月刊・経済Trend 2005年7月号 巻頭言

教育改革の焦点

草刈副会長 草刈隆郎
(くさかり たかお)

日本経団連副会長
日本郵船会長

本誌1月号に「これからの教育のあり方について」というタイトルで書かせて貰った。教育問題委員会での検討状況を踏まえて、問題意識と改革の方向性に関してまとめたもので、1月18日には「これからの教育の方向性に関する提言」を発表した。

国際学力調査等により日本の基礎学力低下が明らかになったこともあり、マスメディアが教育を取り上げない日はないと言っても過言ではない。
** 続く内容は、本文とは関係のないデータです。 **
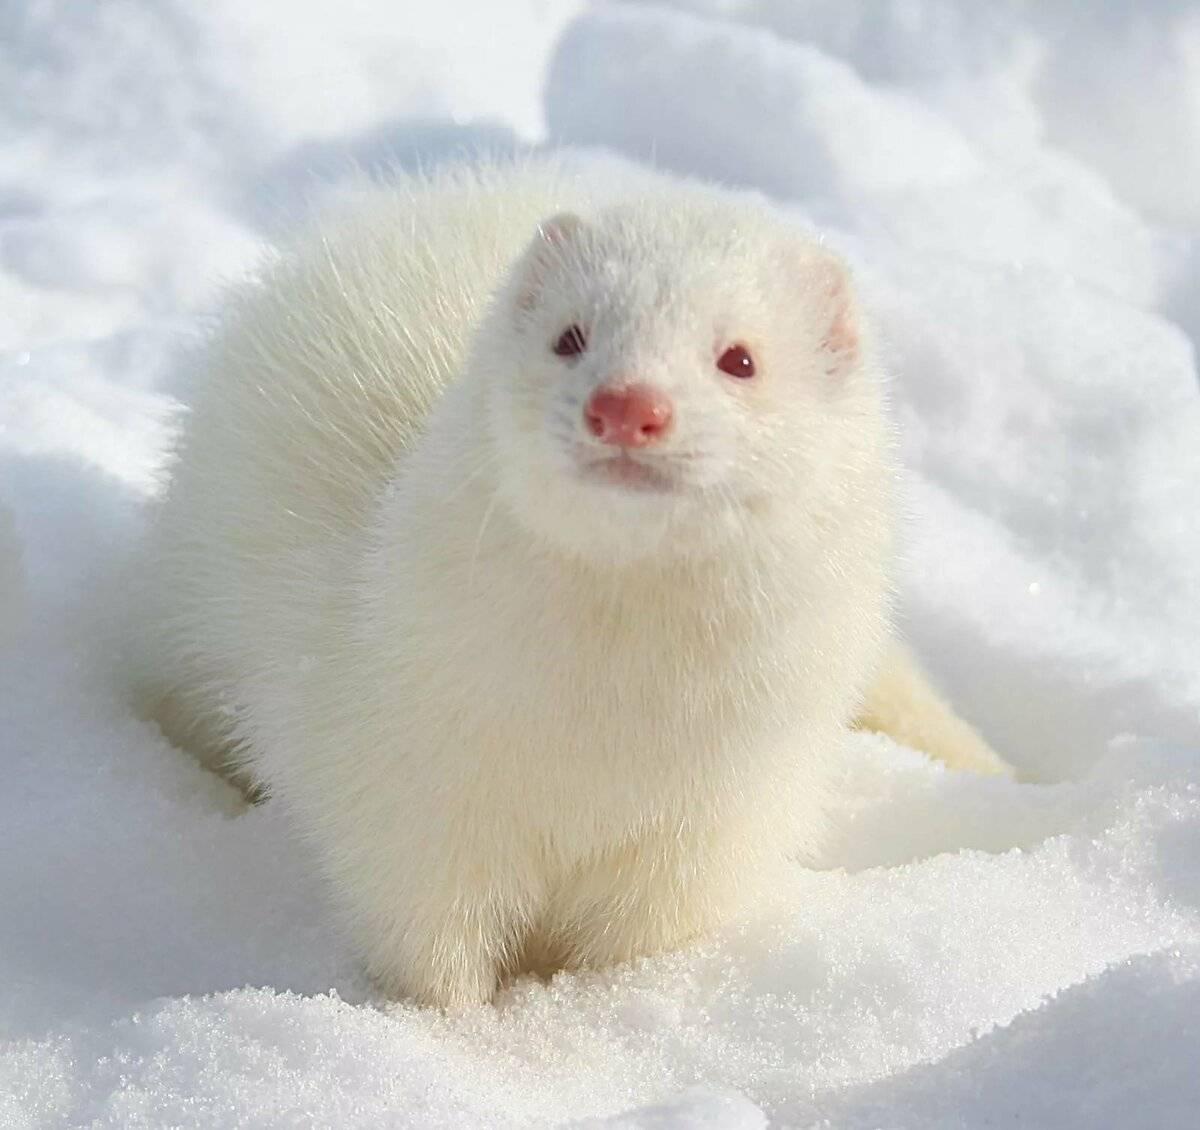 Хорек белый — описание вида, размер и характер

また、公的・私的団体による提言やアピールの類も多数提起されており、教育改革はまさに、わが国における国民的な重要関心事となっている。

行政においては、中央教育審議会に義務教育特別部会が設置され義務教育改革に関する審議が行われており、秋には最終報告の答申がなされる予定とのこと。また、政界においても教育基本法改正論議が高まっており、義務教育改革は喫緊の課題と言えよう。

義務教育に関しては全ての国民が何らかの知見を有しており、その改革に関して多様な意見が提起されているが、論点は多岐にわたり、議論を集約することは容易ではない。しかしながら問題の緊急性を考えると、対立的な議論をいつまでも継続すべき状況ではなく、一刻も早く具体的な改革に着手すべきである。その際に、最重視すべきキーワードは「多様性」と「競争⇔選択」であろうと考える。

従来の官主導の画一的システムから、多様な教育主体と教育人材の参入と競争を促進し、最も利害関係を有する教育の受け手による、自由な選択を実質的に担保するシステムへ転換させ、現場の創意工夫と自律を引き出すことにより、教育の現場力を回復するという考え方は広範な賛同が得られるものと信ずる。この部分においてコンセンサスが確立できれば、個別論点における意見の相違は関係者が英知を結集して克服できるはずである。

将来を担う世代に対する責任感を関係者間で共有し、改革の足場を早急に固めて、具体的な改革を加速すべく、微力ながら貢献していきたい。